Over the last year, I’ve worked on a digital media survey of our archival and distinctive collections at MIT Libraries. I mentioned in that post linked above I would update this blog along the way but that didn’t really happen, sorry friends!

Media circus

Things went pretty well and a bit faster than I expected. It took me just over a year with some fits and starts to finish the whole survey process. The first stage was our archival and manuscript collections, of which, I was able to review over 300 boxes and a few dozen rare books and publications in 8 months.

Along the way, I transferred data from media we could in handle in house within collections that had a total of 2 or fewer pieces of media since it was convenient while the boxes were onsite. The small number ensured that we could get them done relatively easily and have a quick win of crossing a collection off the list with media needing to transfer data from.

After surveying the first stage of surveying, I started on the academic theses, which are also under our purview. The work to assemble the list of media from published material was started earlier when needing to find this information for publications and rare books in the main collections mentioned above.
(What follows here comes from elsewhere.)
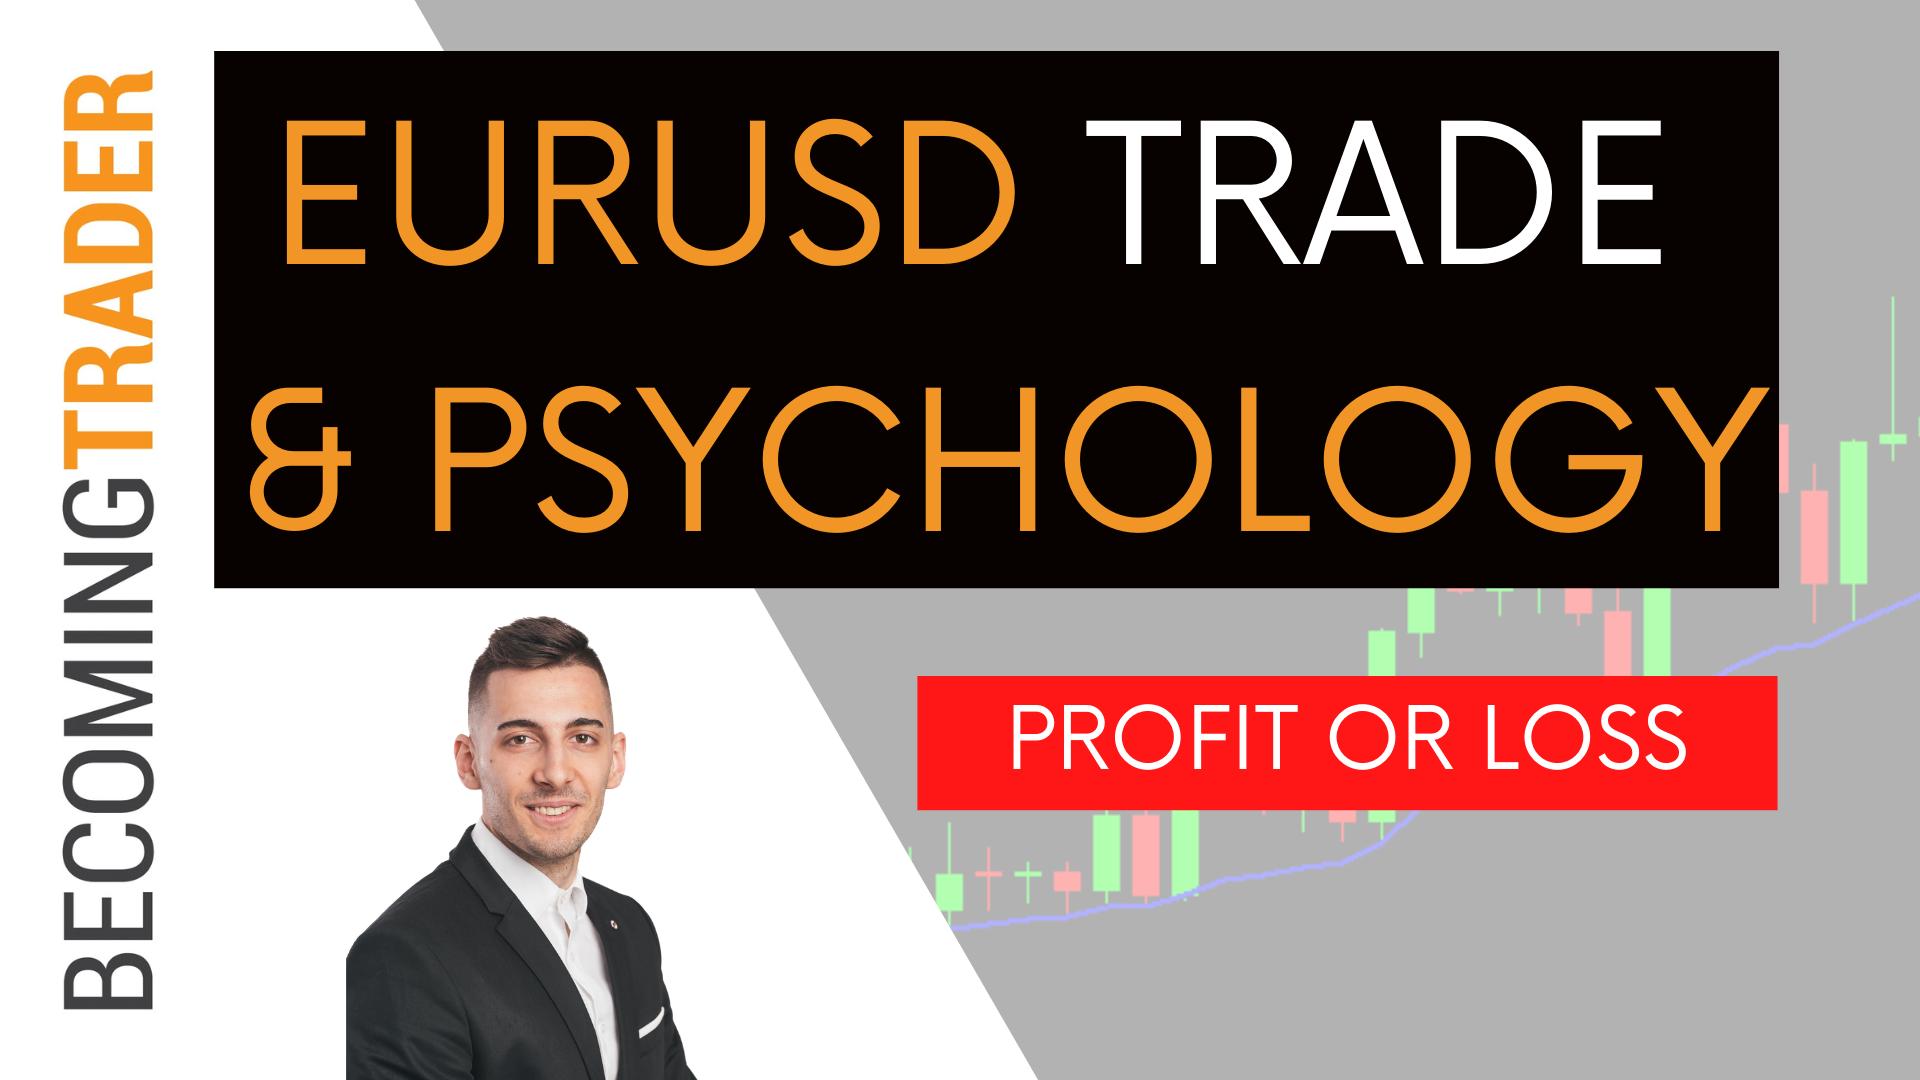 Let us talk about Trading Psychology | EUR/USD Forex Swing Trade & Mindset

As these material have their metadata stored as MARC records in Alma, I went about putting together a similar list of material as with the archival records. Within Alma, I ran a number of “indication rules” looking in the 300 field, subfields a and e for the terms: dis*, flopp*, zip,computer, cartridge, CD*, DVD*, USB, and drive. Additionally, local cataloging practice for a time was to use a call number prefix for media, often when those items were included with another print title with the same call number. I was able to assemble a list of these prefixes like CDROM, DSKETTE, etc. and search for them in Alma as well, in case this surfaced anything missed in the 300 field search. I combined the results into a spreadsheet, deduped them, and then got to work surveying and storing results in our media log tool.
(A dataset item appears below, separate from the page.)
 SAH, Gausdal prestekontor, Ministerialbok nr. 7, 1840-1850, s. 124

Work on the theses took about another 4 months as getting them from offsite storage was just as time consuming as when doing so with the main part of the survey. With some of the these stored in boxes as a group, I often had to request many boxes just to get through a year with a few theses that contained external media. Ultimately, I was able to finish up everything by the end of February of this year.

Results

Here are the results from our the total survey (including theses). I’ve simplified CDs and DVDs to be a summary of all of their subtypes.

FormatCount
Floppy disk: 3.5 inch909
CD846
Floppy disk: 5.25 inch394
DVD339
Data tape278
Data cartridge238
Zip disk126
Floppy disk: 8 inch49
Jaz disk7
Hard drive4
Computer4
Flash memory: USB3

Overall, I found just slightly under 3000 pieces of digital media in our distinctive collections and another 250ish pieces of media included with theses. It’s thankfully much less than you might expect for a technology-focused place like MIT. The majority of media found were floppy and optical formats that we have established workflows and equipment to handle. Whether the content is readable or not is another story but we can make an attempt.

While we can handle most of the found formats, the survey revealed a sizable number of 8-inch floppy disks, data cartridges, and mainframe data tapes, that we don’t have an in-house solution for. Those results are concerning but this is exactly what we wanted to surface for planning purposes.

Lessons Learned

Things didn’t always go smoothly, this survey ended up being an exercise in metadata remediation. We often encountered errors in box numbers, missing items, total lack of description, and completely misidentified things.

One particular frustration with the archival and manuscript collections was that 180 entries out of 640 turned out to be false positive matches for digital media. About half of those were from using the phrase “backup” or “back-up”, which was a false match 92 percent of the time. Often it really just meant paper backups. It turns out that despite seeing the words “backup” written on labels of a lot of the media I found, it was almost never entered into a finding aid in those cases.

Future steps

This data has already been a great starting point for better understanding how much work is ahead in analyzing and transferring digital media and how we can plan to go about it. We’ve started dissecting the specifics of the data to prioritize some of it, such as institutional records we have a clear mandate to preserve and things from women and BIPOC related collections. In the next year, we’ll begin more work on getting though the media as well as establishing metrics on how long on average it takes to process different media types. This will help give us a better idea how long we will need to commit to some of the transfer projects.